Remove Vocals from Songs Perfectly with Artificial Intelligence (AI)

I started a small recording studio back in the year 2008. During that time, asides from working on music and audio recording, I also extended to audio editing services.

An audio job I often got then, was to remove vocals from music. My clients were people who wanted to turn their favorite songs into karaoke versions so that they can sing on top of it.

Back then, to remove vocals from music, I either used Audacity’s Vocal Reduction and Isolation effect or an audio phasing cancellation technique. The end result (listen below) was often not that great. This was because the vocal remover effects depended on frequencies and center-panned audio, to work (most tracks have the vocals mixed to its center).

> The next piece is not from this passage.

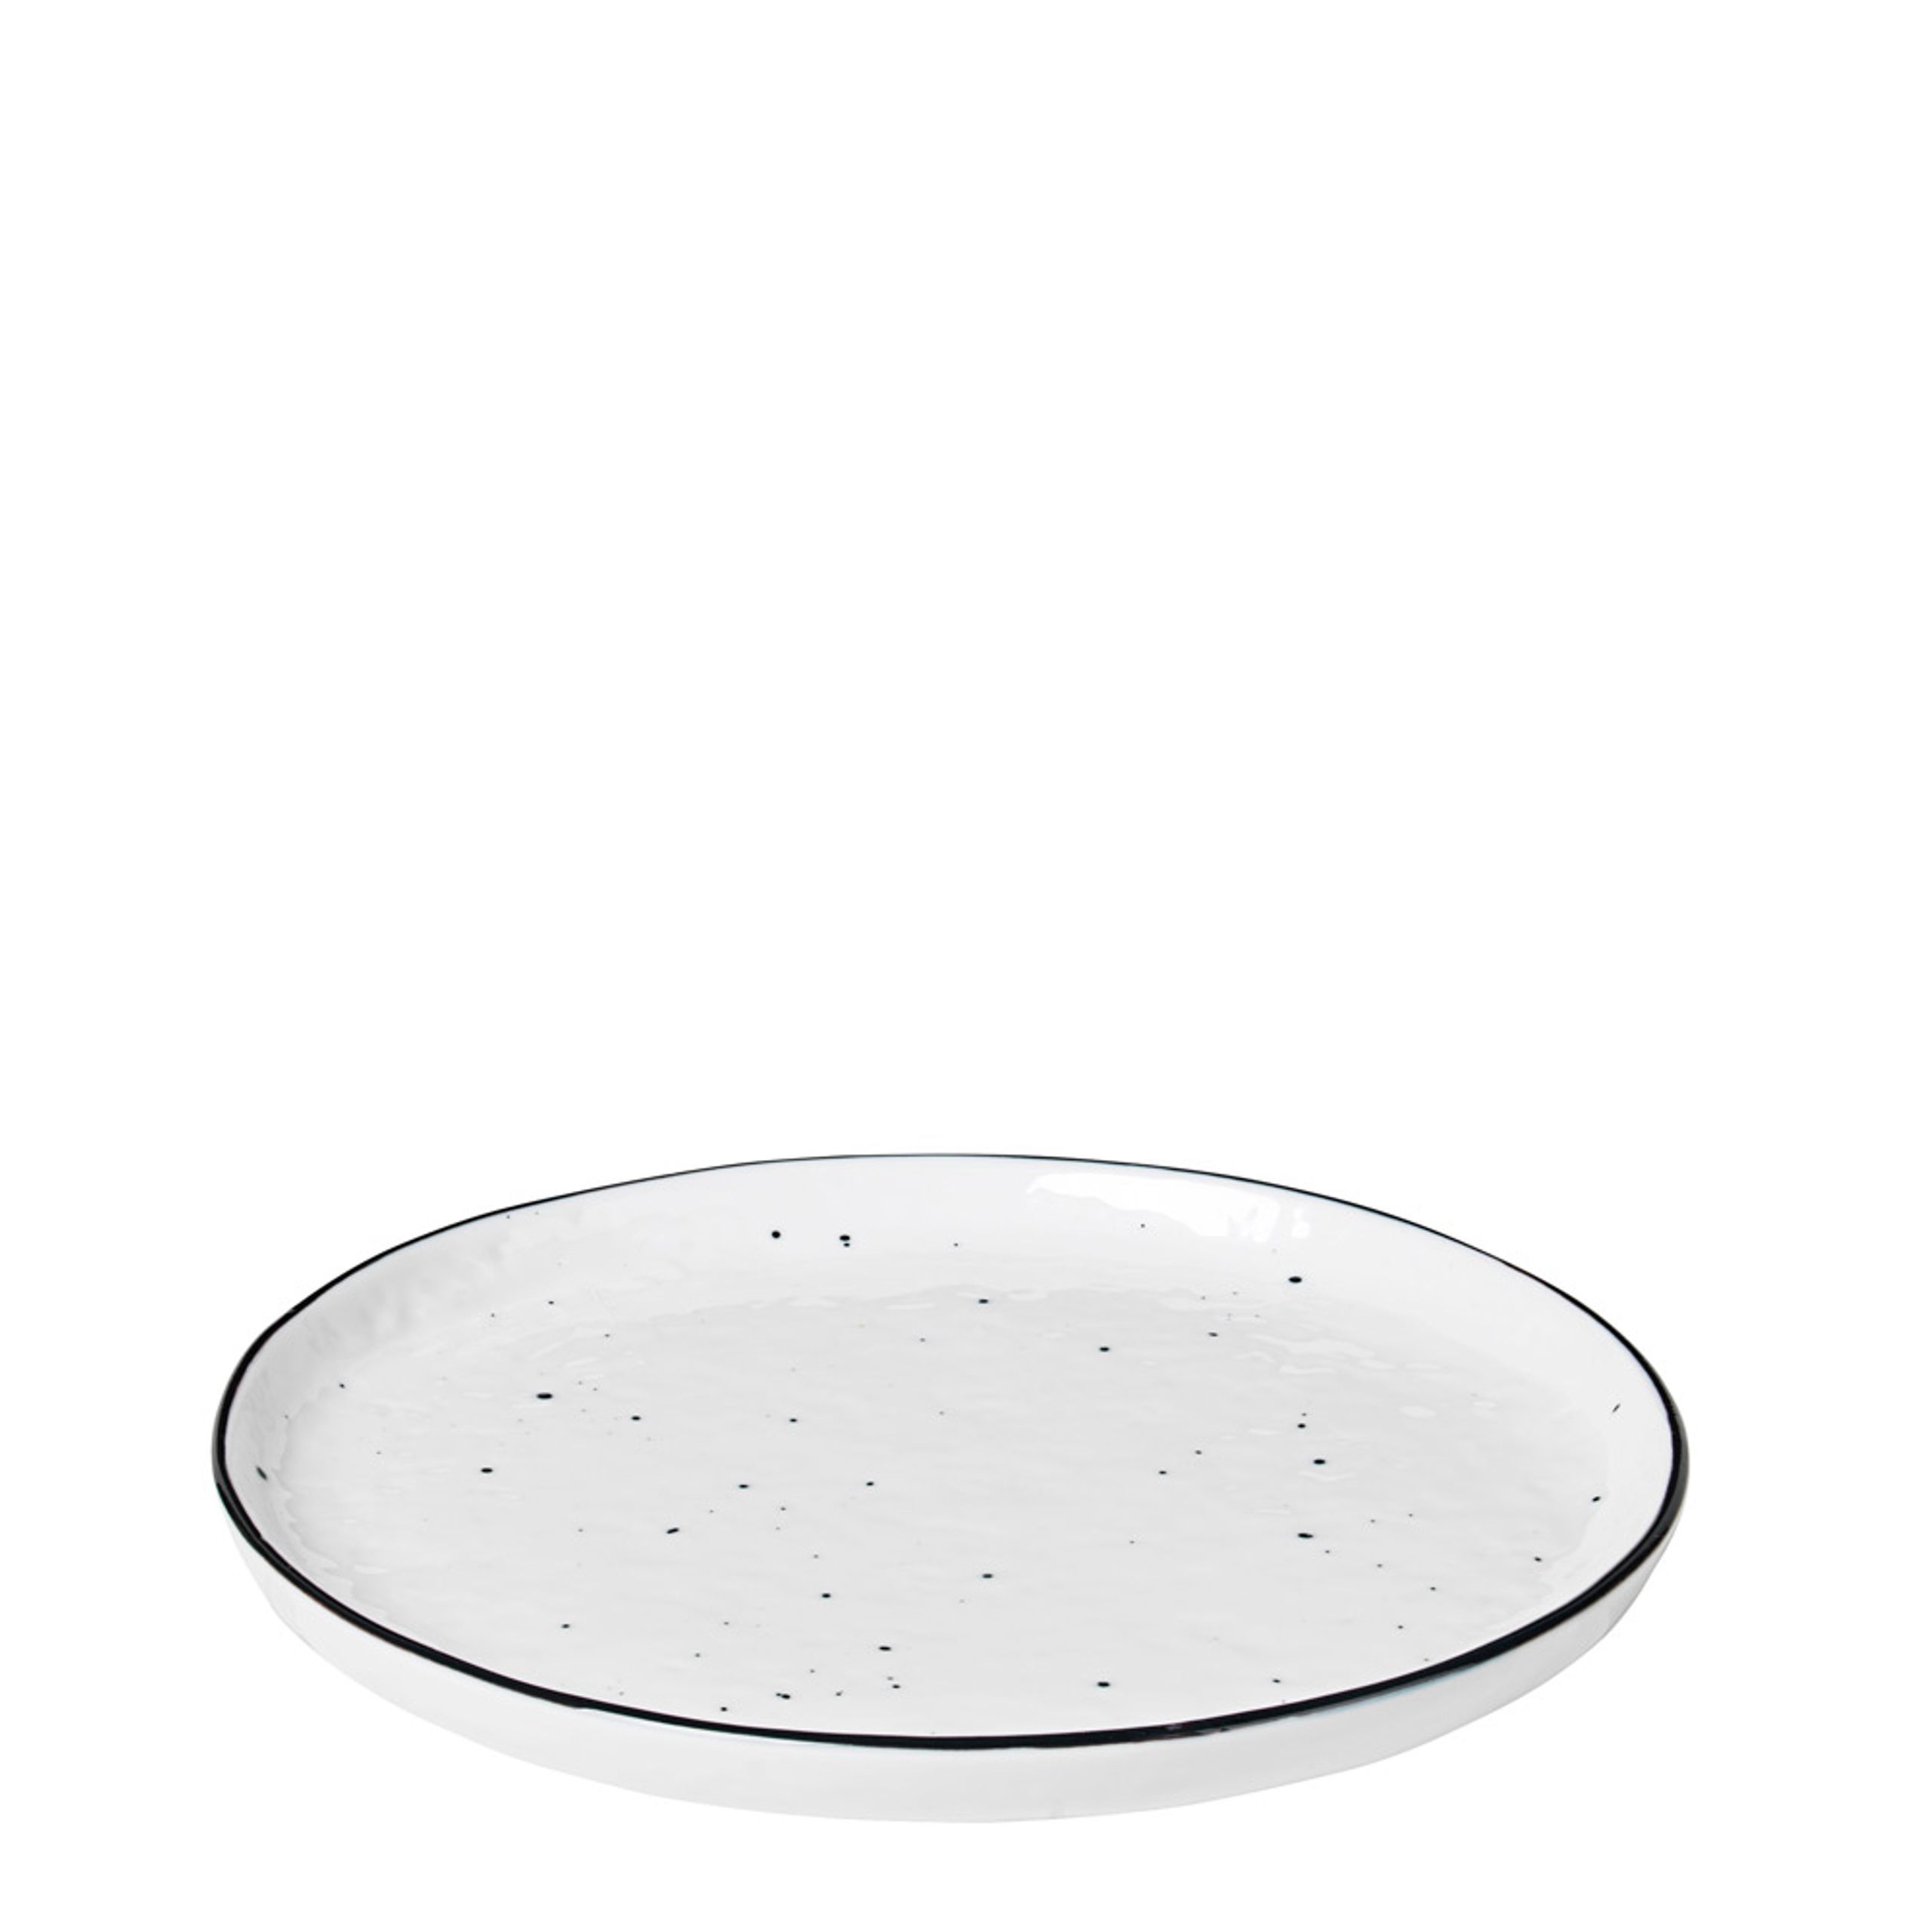 Broste CPH - Disque - Salt Dots - Plate - Dessert plate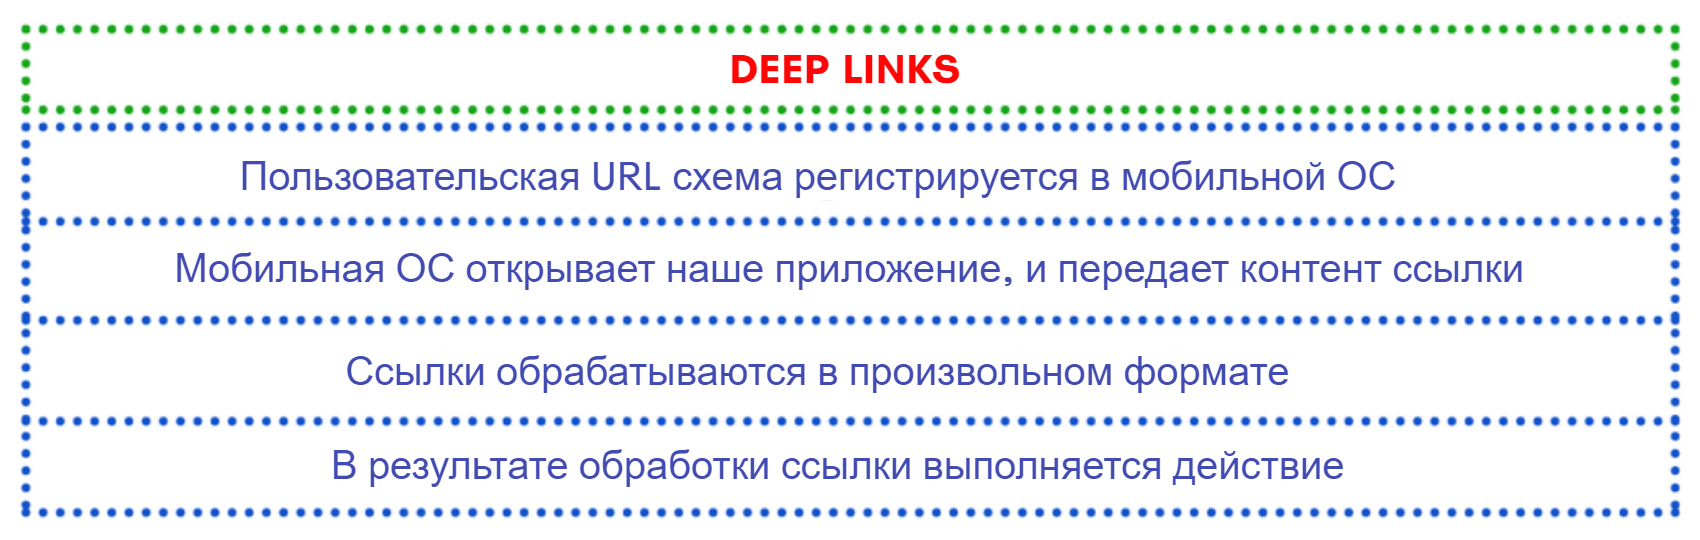 шаги для создания deep link

These days, with the existence of AI technologies, it’s far more efficient to use an AI-based vocal remover like PhonicMind, which uses an AI audio engine to separate vocals and instruments from any song.

In this post, I’ll show you how to remove vocals from a song using the dated, conventional method using audio effects. Then we’ll compare the results using PhonicMind, an AI-based vocal remover.

Let’s get started!

Remove Vocals using Audio Effects (In Adobe Audition)

Many music producers or karaoke enthusiasts, still use this old method, which I’m about to show you, to remove or isolate vocals from songs. Well, I believe it’s simply because they aren’t aware of the new AI-based tools we have today.

Anyway, here’s how it works.

Using the Center-Channel Extractor (Vocal Remove) Effect

Most audio editors like Adobe Audition or Audacity would have an effect to remove vocals or to isolate them as acapellas. On Adobe Audition, this is called the Center-channel Extractor effect, and on Audacity, it’s labeled as the Vocal Reduction and Isolation effect.

vocal-reduction-and-isolation Vocal Reduction and Isolation (actually a Center-Channel Extractor) effect in Audacity.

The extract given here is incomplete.